In a society that promotes perfection and permanent well-being, worry is treated as a problem. Anxious children should be calmed, their thoughts distracted. Parents want to protect their children, to spare them distress. In doing so, they overlook something important: worry is not a flaw in the system, but a vital part of emotional development.

Developmental anxieties belong to growing up

Most childhood fears are typical for a particular age. Toddlers fear separation, four-year-olds fear monsters, primary school children fear failure. These fears come and go; they are part of the maturation process. Children learn to handle uncomfortable feelings. They discover that fear is not fatal and that they can develop strategies for coping with it.

Research shows that children who are allowed to work through their worries develop greater psychological resilience. The landmark Kauai Study, conducted by developmental psychologists Emmy Werner and Ruth Smith, followed 698 children over 40 years (Werner & Smith, 1982). A third of the children who grew up under difficult conditions nonetheless developed stable personalities. They had learned to face adversity actively, rather than run from it.

More recent findings confirm this.

"Resilient study participants who tended to overcome negative events with persistence, optimism, and active problem-solving showed no elevated anxiety or depression."

That is how Manfred Beutel of the University Medical Center Mainz summarised the results of a representative 2017 study. The key point: these individuals had not avoided hardship, but had lived through it and come out the other side.

When parents take on too much

The problem starts when parents try to eliminate every worry their children have. They call the school, resolve conflicts with friends, and remove every challenge from the child's path. Overprotection may come from love, but it prevents exactly what children need for a stable life: the experience of managing difficulties on their own.

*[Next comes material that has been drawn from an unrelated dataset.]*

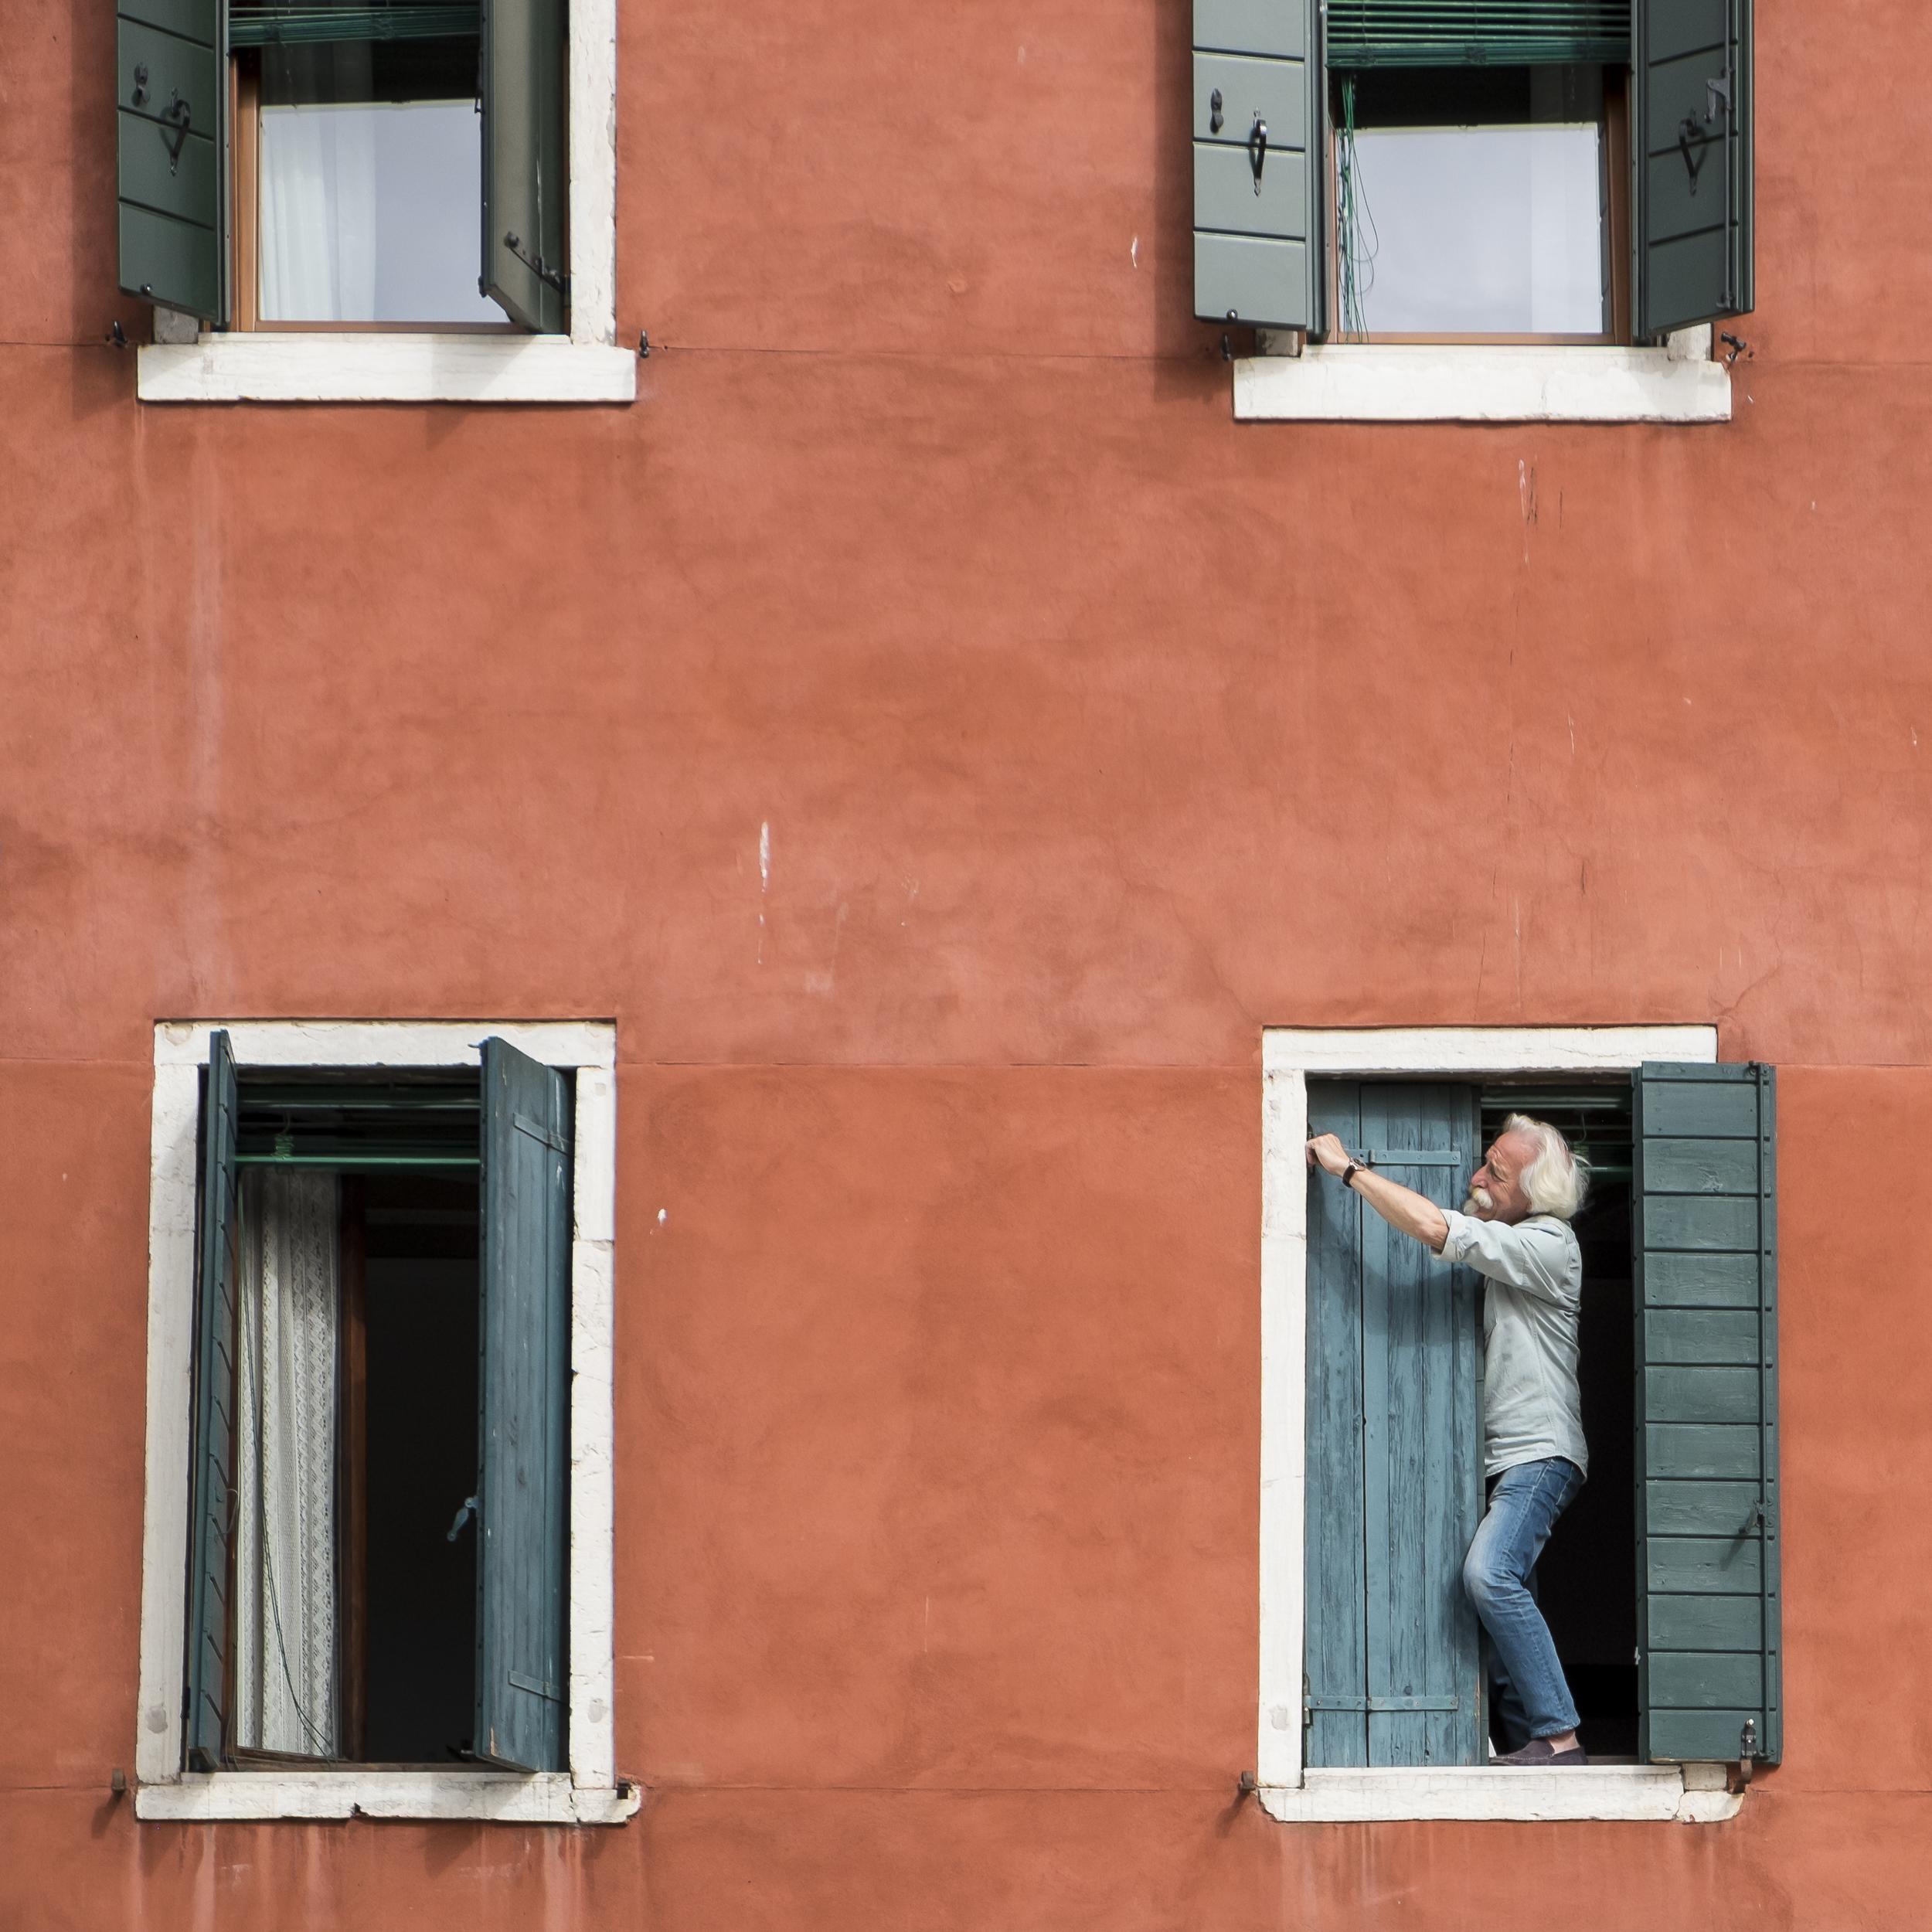 Venice-WindowGuy-20140522-DSCF5824.jpg

Children who never learn to handle worry paradoxically often develop greater anxieties later in life. They have never experienced the feeling that they themselves can make a difference. They lack the sense of self-efficacy that comes from having mastered a difficult situation.

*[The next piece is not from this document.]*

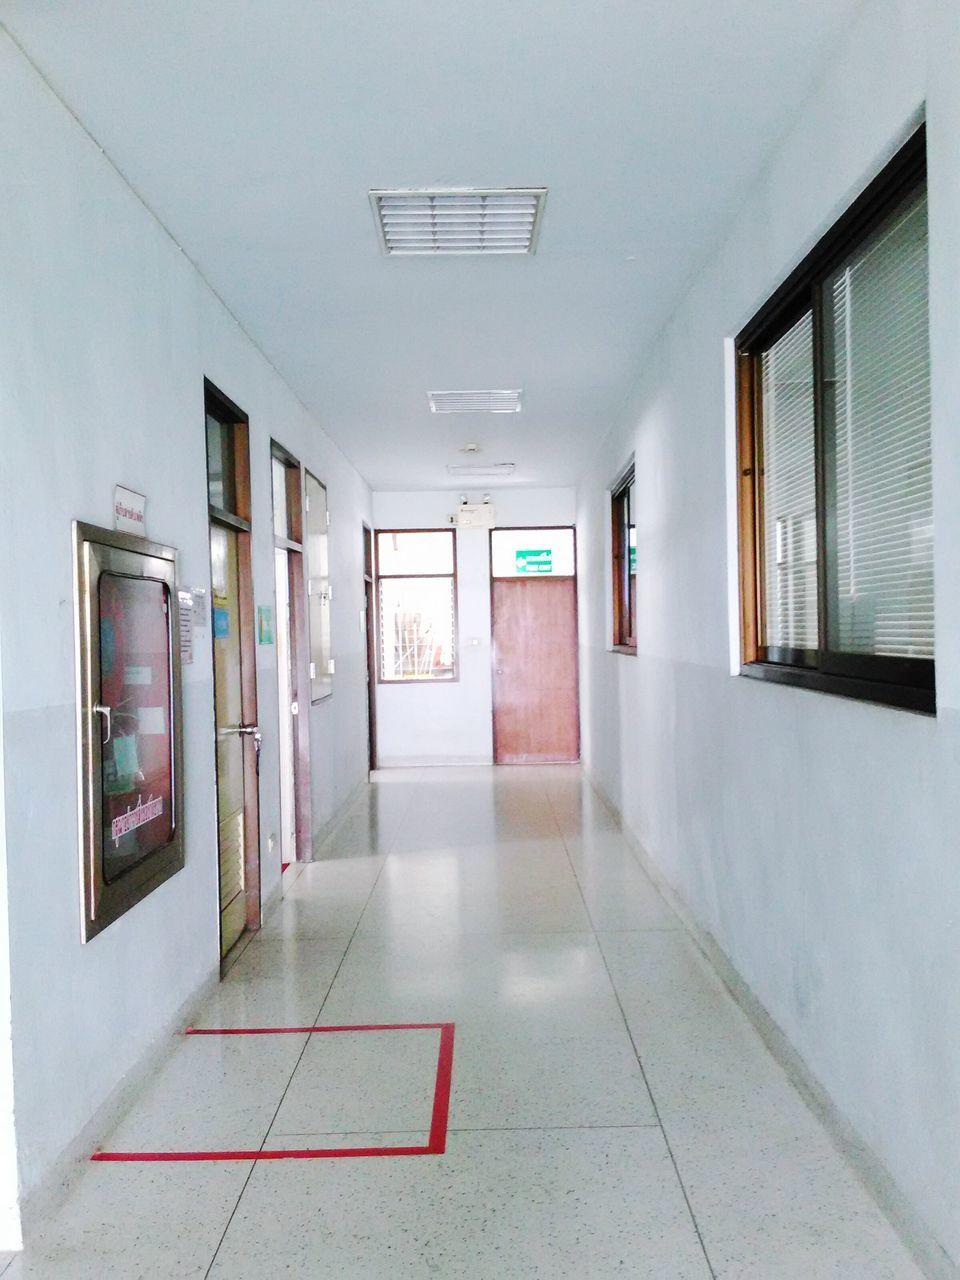 empty, indoors, corridor, the way forward, door, architecture, no people, built structure, day

Luise Poustka, Medical Director of the Department of Child and Adolescent Psychiatry at Heidelberg University Hospital, observes a rise in anxiety disorders among adolescents. Many have never learned to cope with ordinary everyday worries. "It is important that children know what is expected of them, while at the same time feeling warmth and empathy," she explains. Clear expectations combined with support: that is the balance.

The difference between normal worries and clinical anxiety

There are, of course, limits. Not every worry promotes development. When children suffer from intense anxiety for weeks on end, when they can no longer sleep, when worries dominate daily life, that is a warning sign. Professional help is then needed.

Most childhood fears, however, are time-limited and fade once the child has moved through the relevant developmental phase. What matters is that adults take these fears seriously without dramatising them. "Oh, that's nothing" is just as unhelpful as "Oh no, you poor thing." Both fail to take the child seriously.

What parents can do

Parents support their children best by being present without taking over. When Leon is afraid of the maths test, telling him "Don't worry" does not help. Better to ask: "What exactly are you afraid of?" and then think together: "What could you do to feel better prepared?"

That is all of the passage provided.